If you are looking for in-ear earphones without mic under 1k, it is wise to go with Creative EP-630 and I can assure you won't be disappointed even if you set the default bass-treble settings on your iPod. I have used it for more than a year listening to mostly trance & it has never let down. It is a classic model from Creative. 

Specifications on official site: 
Creative EP-630 Earphones - Colorful in-ear design isolates noise from your MP3 music listening

Flipkart link:

Flipkart.com: Creative Headphones In-the-ear CR EP-630 earphone: Headphone


----------



## Faun (Dec 22, 2011)

^^one can buy better earphones under 1k like PL-11 etc.


----------



## pratik385 (Dec 22, 2011)

@ fz
Forget about Creative ep series man, you can get much better than that.

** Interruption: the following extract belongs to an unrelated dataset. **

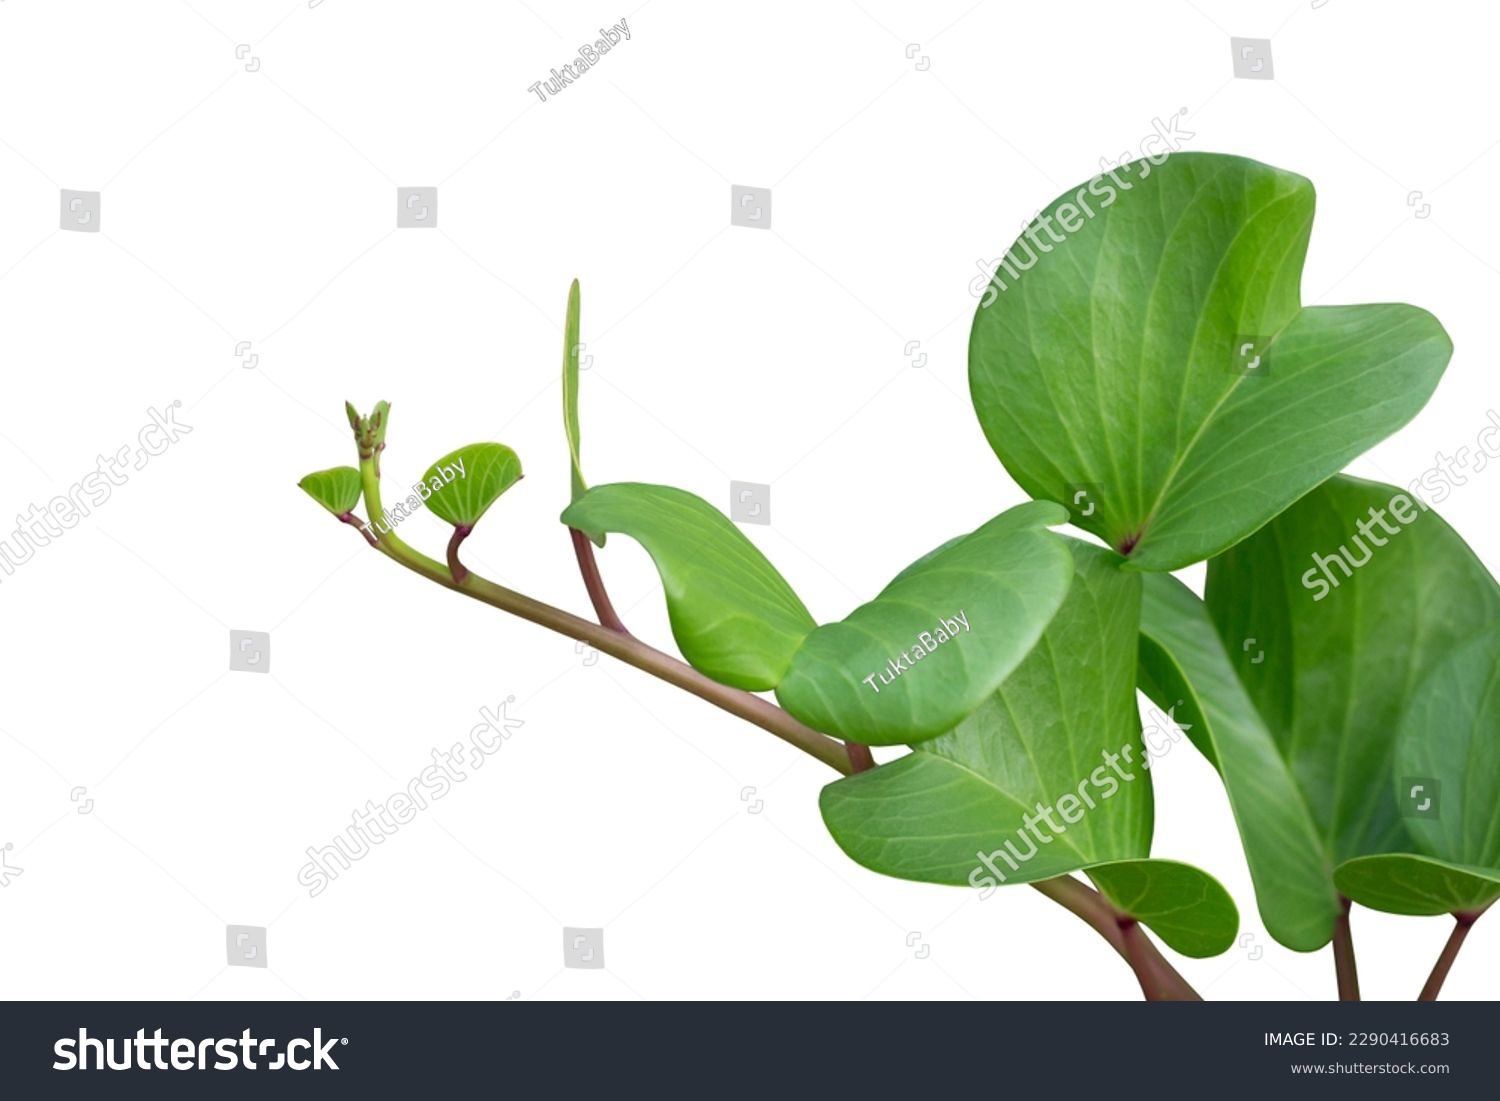 Goat’s foot creeper, Beach morning glory or Ipomoea pes-caprae is a Thai herb isolated on white background included clipping path. #2290416683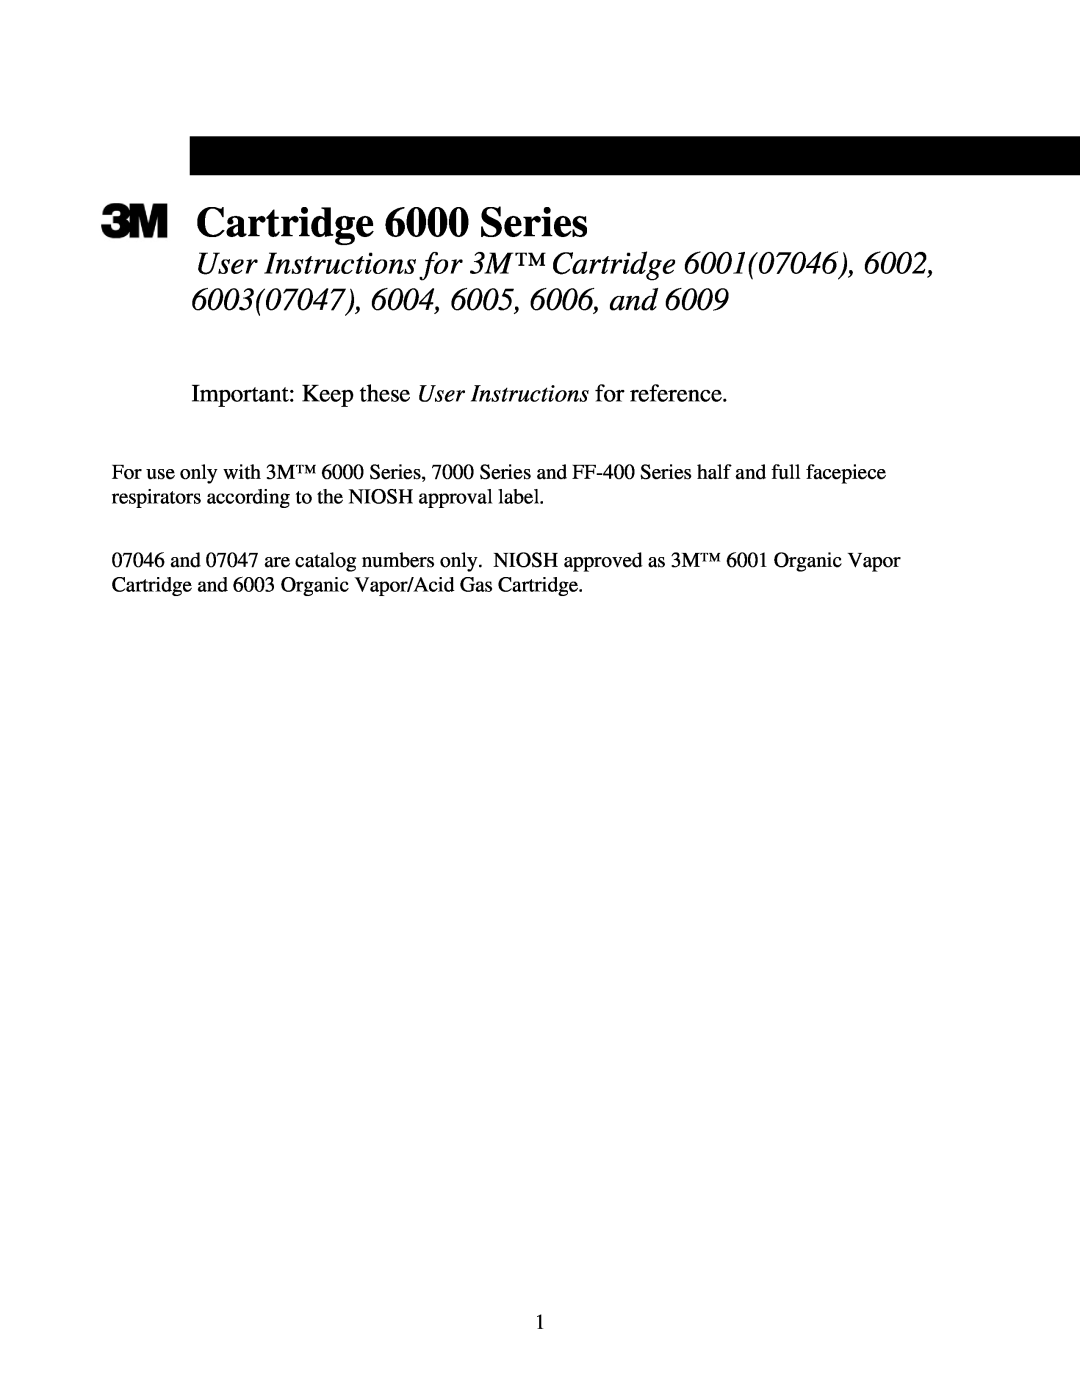 3M 6006, and 6009, 6004, 6001(07046), 6002 manual Cartridge 6000 Series, Important Keep these User Instructions for reference

Please go through these thread, we really had a great discussion over there. It might help

*www.thinkdigit.com/forum/mobile-monsters/137481-best-ear-phones-between-rs-600-rs-1200-a.html

*www.thinkdigit.com/forum/audio/138663-ear-headphones.html

*www.thinkdigit.com/forum/audio/148342-headphones-around-rs-1000-a.html


----------